Concernant la RN 83, principalement entre Poligny et Besançon, une association a vu le jour récemment à Paroy (à proximité de Quingey). Le maire, nouvellement élu, tire la sonnette d’alarme. Il y a de plus en plus de camions et il note la circulation de véhicules utilitaires légers (VUL) immatriculés dans les pays de l’est.
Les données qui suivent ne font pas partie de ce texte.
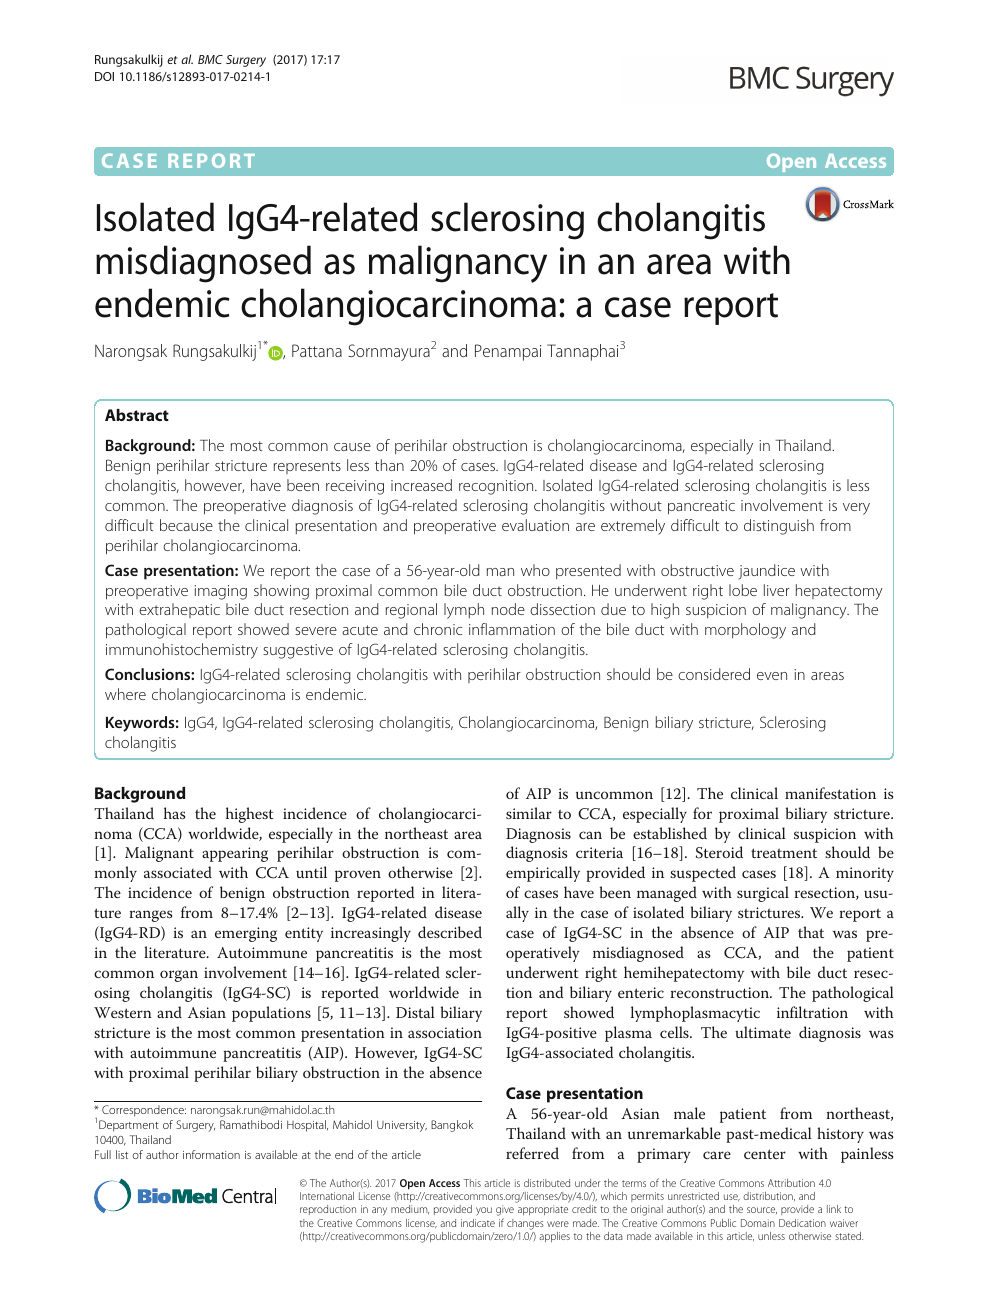 Isolated IgG4-related sclerosing cholangitis misdiagnosed as malignancy an area with endemic cholangiocarcinoma: a case report – of research paper Clinical medicine. Download scholarly article PDF and read for free

Comme le souligne Marie Breton « le paquet mobilités de la commission européenne va prochainement régler le problème de ces véhicules en leur imposant les mêmes contraintes de temps de conduite, de repos et de contrôles que les poids lourds ». Si elle comprend la position des riverains, elle souhaite une rencontre rapide entre les représentants des transporteurs, les élus locaux, l’administration et l’association « Bonne route ».

Entre citoyens, entreprises, élus et transporteurs, il est temps de s’asseoir et de discuter calmement. L’axe routier qui relie Strasbourg à Lyon traverse le pays du fromage. Les fruitières qui longent ce parcours devront-elles livrer les meules de comté à vélo ?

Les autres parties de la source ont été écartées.